Gary Gerstle is the Paul Mellon Professor of American History at the University of Cambridge. He previously taught at Princeton University, the Catholic University of America, the University of Maryland, and Vanderbilt University. A historian of the twentieth-century United States, he is the author, coauthor, and coeditor of six books and the author of nearly 35 articles. His books include WORKING-CLASS AMERICANISM: THE POLITICS OF LABOR IN A TEXTILE CITY, 1914–1960 (1989); AMERICAN CRUCIBLE: RACE AND NATION IN THE TWENTIETH CENTURY (2001), winner of the Saloutos Prize for the best work in immigration and ethnic history; THE RISE AND FALL OF THE NEW DEAL ORDER, 1930–1980 (1989); and RULING AMERICA: WEALTH AND POWER IN A DEMOCRACY (2005). A new book on the principles underlying the use of public power in America from the Revolution to the present will soon be published by Princeton University Press. He has served on the board of editors of the Journal of American History and the American Historical Review. His honors include a National Endowment for the Humanities Fellowship, a John Simon Guggenheim Memorial Fellowship, the Harmsworth Visiting Professorship of American History at the University of Oxford, and membership in the Society of American Historians.

Emily Rosenberg specializes in U.S. foreign relations in the twentieth century and is the author of SPREADING THE AMERICAN DREAM: AMERICAN ECONOMIC AND CULTURAL EXPANSION, 1890–1945 (1982); FINANCIAL MISSIONARIES TO THE WORLD: THE POLITICS AND CULTURE OF DOLLAR DIPLOMACY (1999), which won the Ferrell Book Award; A DATE WHICH WILL LIVE: PEARL HARBOR IN AMERICAN MEMORY (2004); and TRANSNATIONAL CURRENTS IN A SHRINKING WORLD, 1870–1945 (2014). Her other publications include (with Norman L. Rosenberg) IN OUR TIMES: AMERICA SINCE 1945, Seventh Edition (2003), and numerous articles dealing with foreign relations in the context of international finance, American culture, and gender ideology. She has served on the board of the Organization of American Historians, on the board of editors of the American Historical Review, and as president of the Society for Historians of American Foreign Relations.

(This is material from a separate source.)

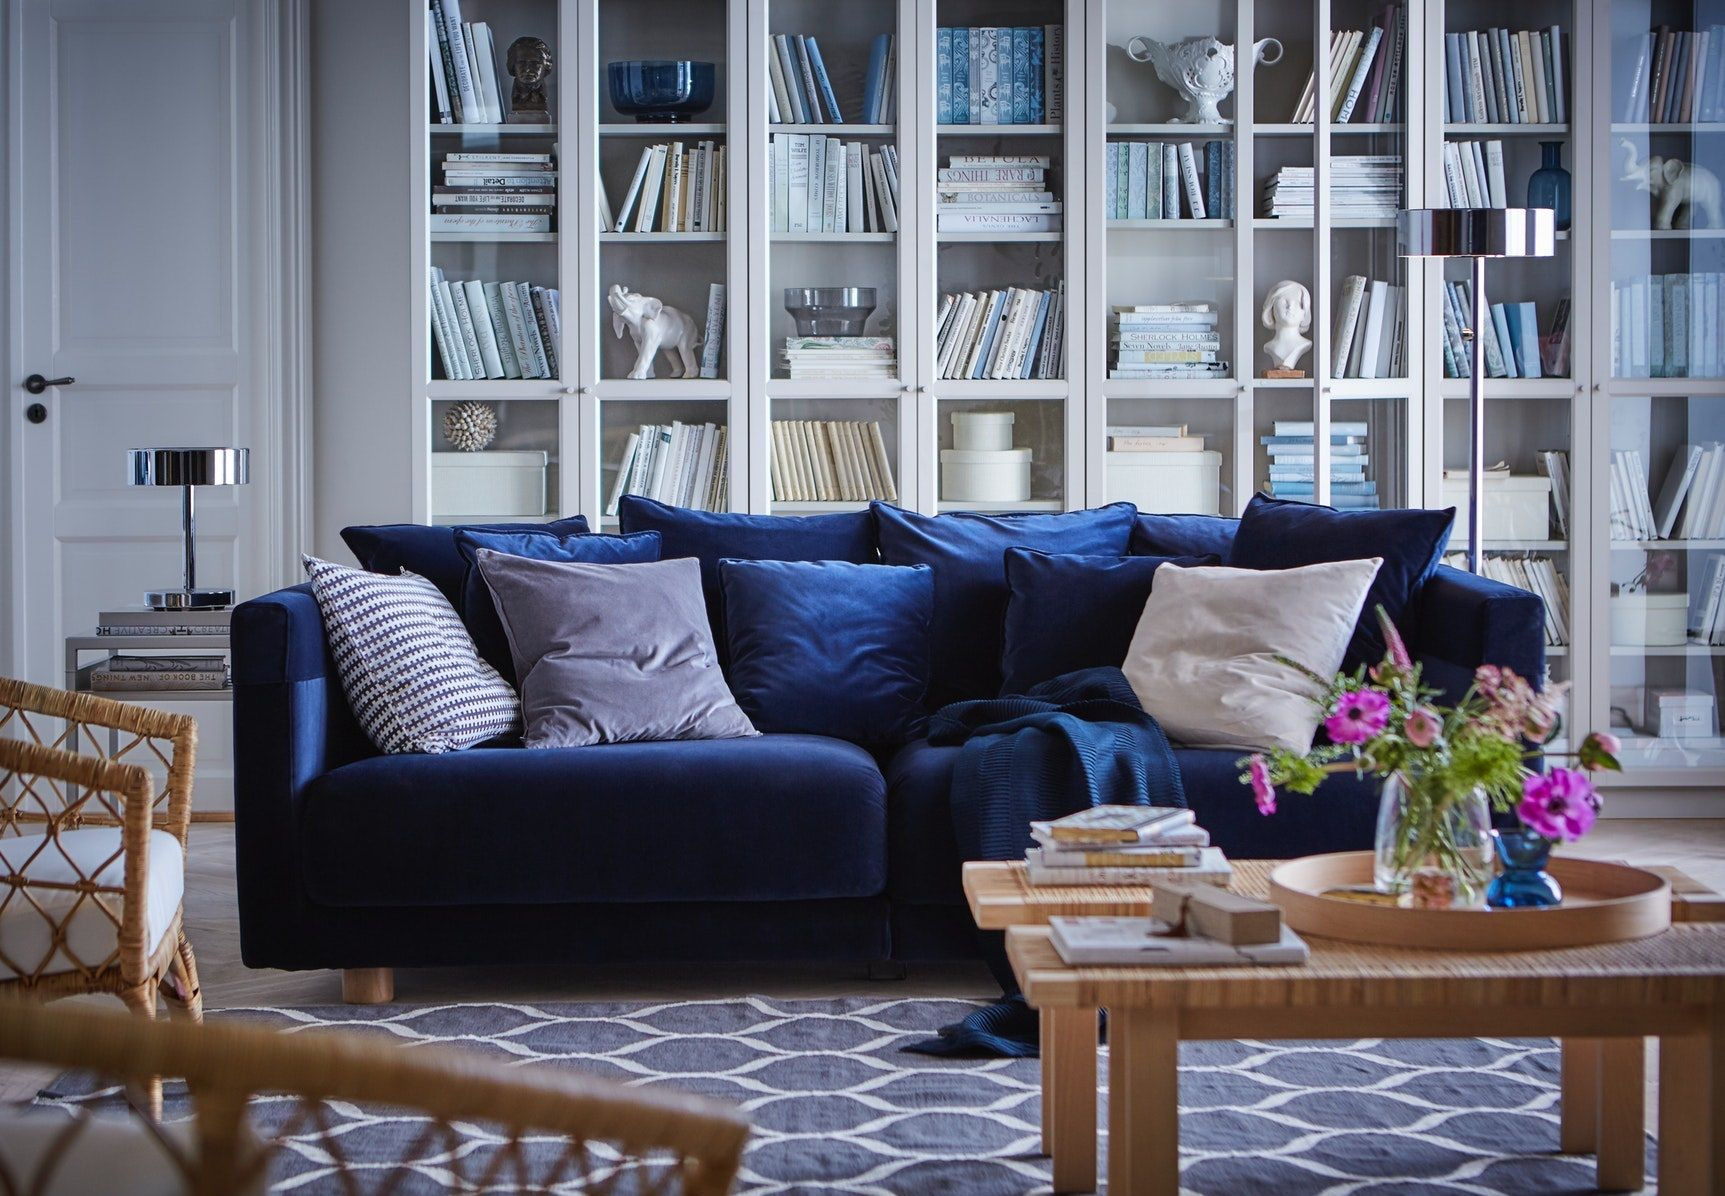 Stockholm 2017 Rug Flatwoven Handmade Net Pattern Grey Ikea Hong Kong And Macau Home Decor Cheap Home Decor Cozy Furniture [ 1196 x 1725 Pixel ]
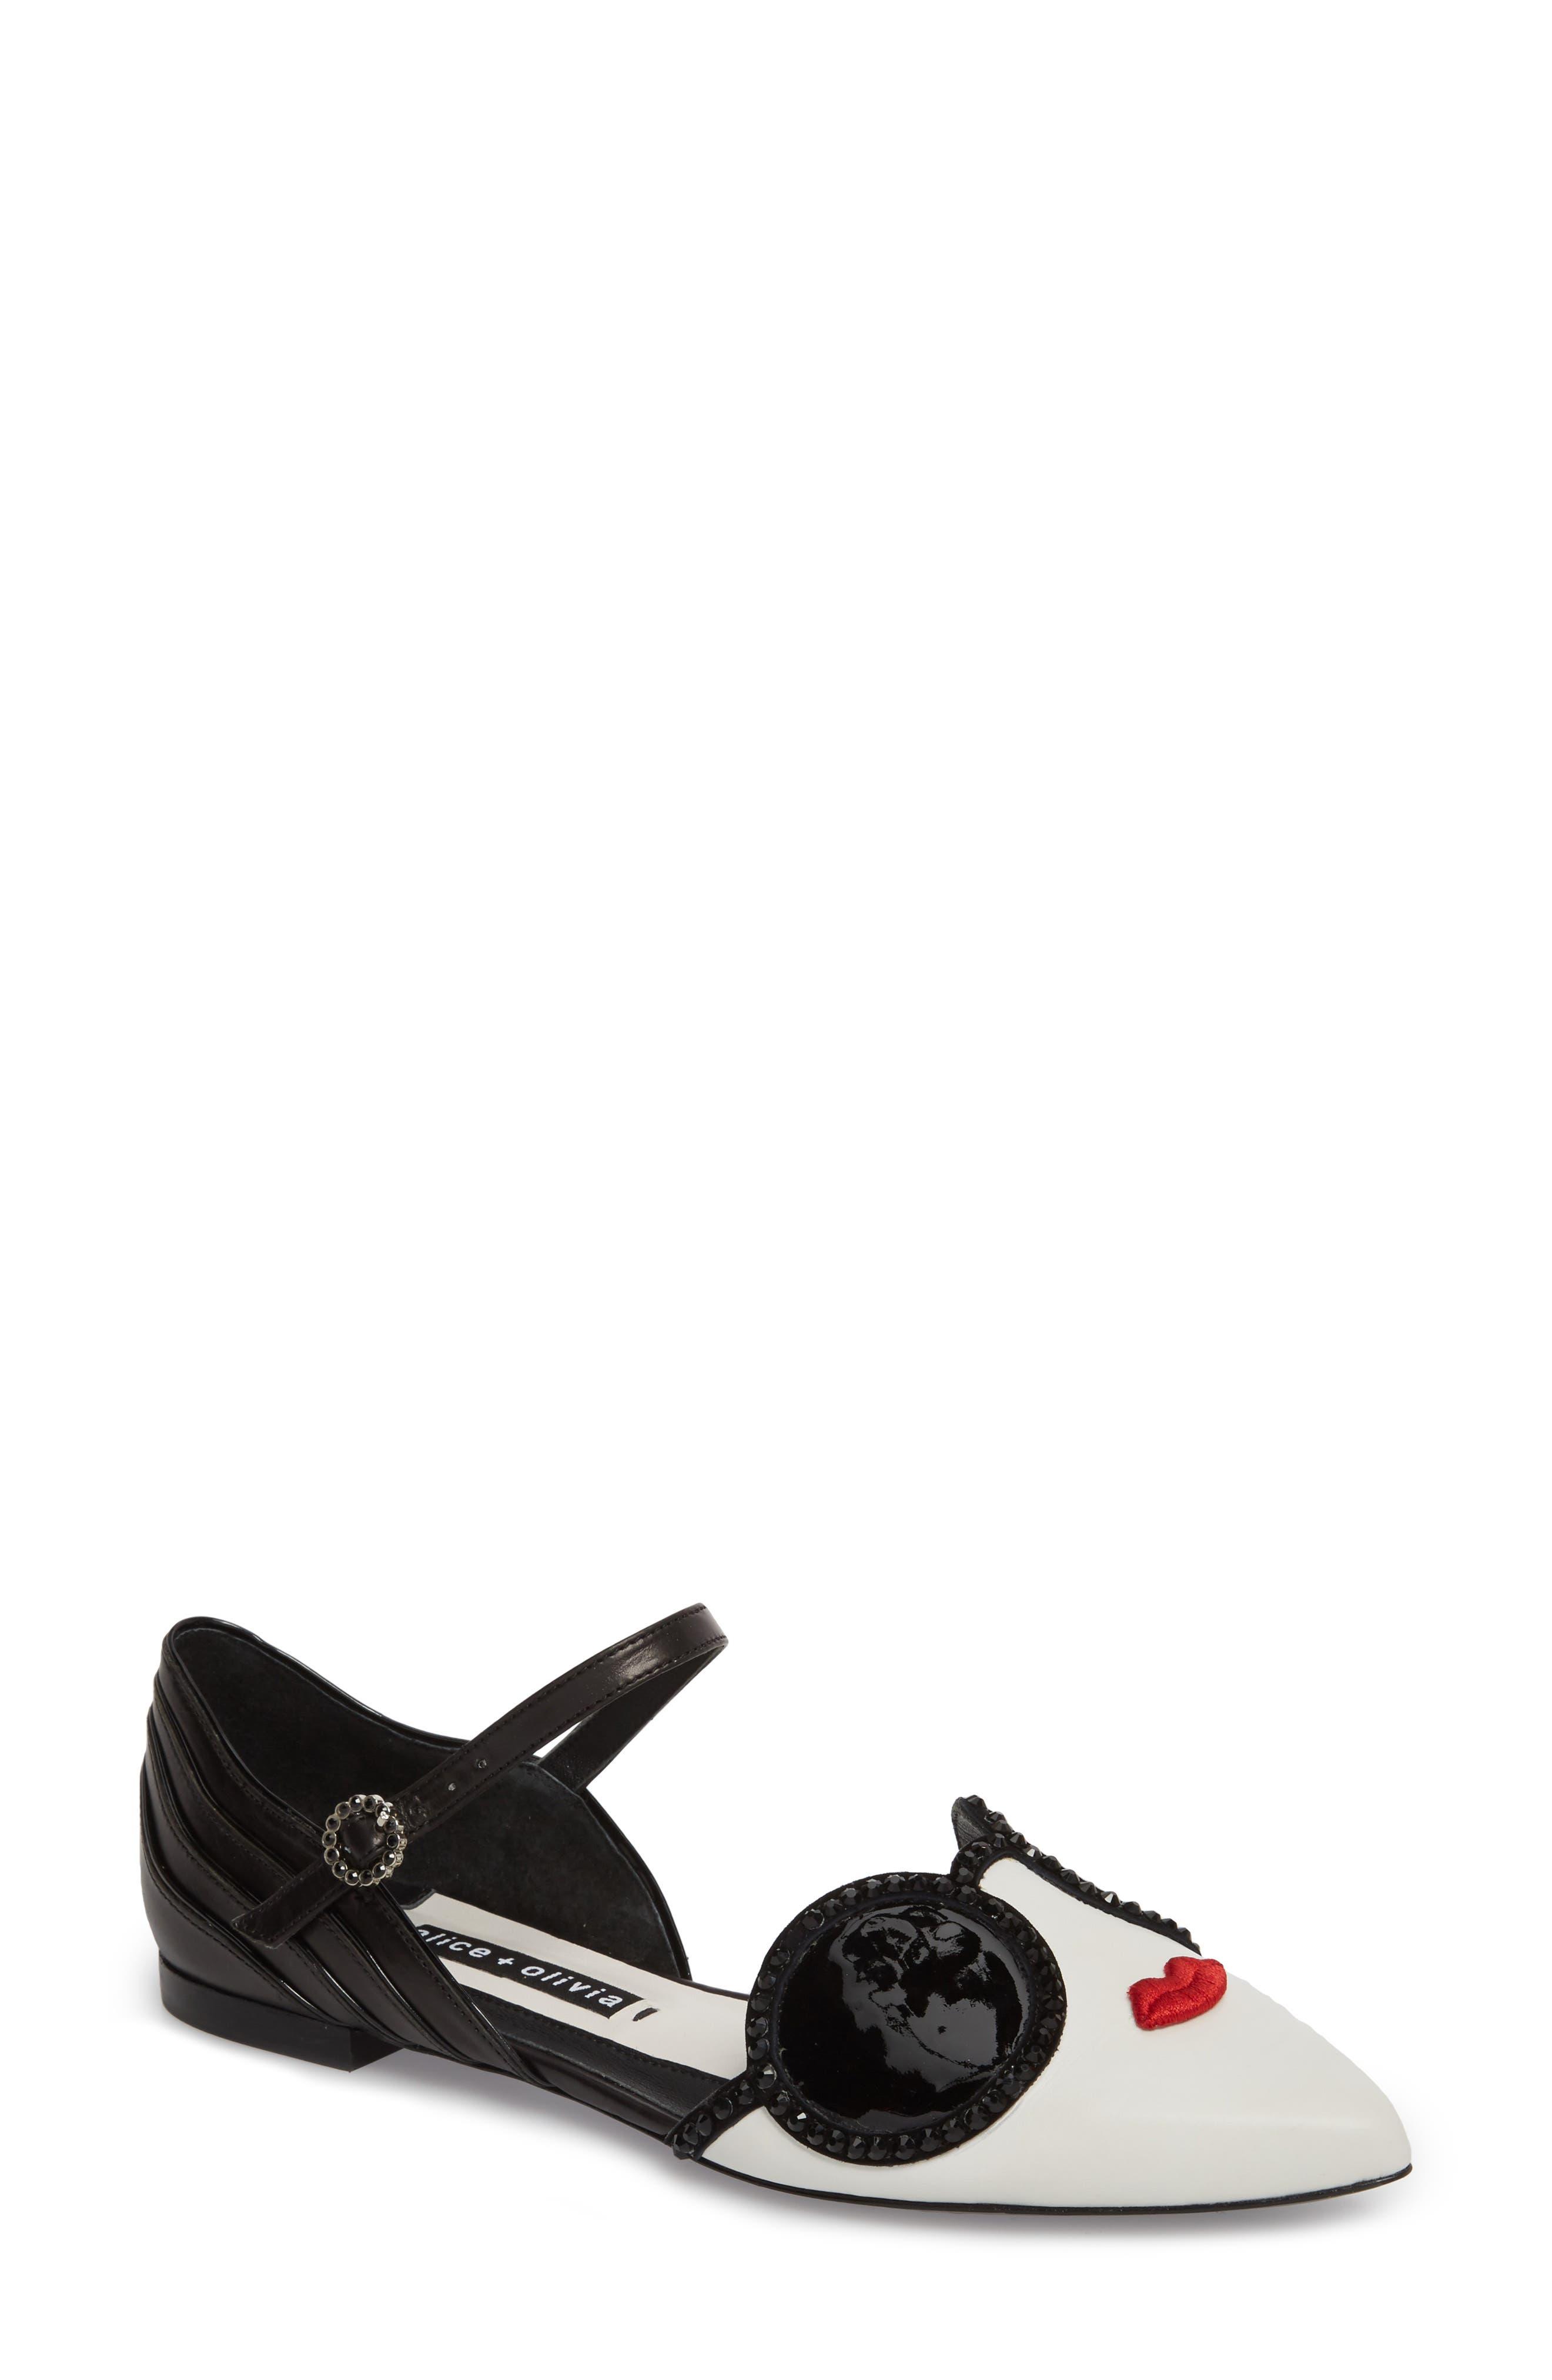 Lexi Embellished Pointy Toe Flat,                             Main thumbnail 1, color,                             Bianco/ Black/ Poppy

Norman L. Rosenberg specializes in legal history with a particular interest in legal culture and First Amendment issues. His books include PROTECTING THE 'BEST MEN': AN INTERPRETIVE HISTORY OF THE LAW OF LIBEL (1990) and (with Emily S. Rosenberg) IN OUR TIMES: AMERICA SINCE 1945, Seventh Edition (2003). He has published articles in Rutgers Law Review, UCLA Law Review, Constitutional Commentary, Law and History Review, and many other journals and law-related anthologies.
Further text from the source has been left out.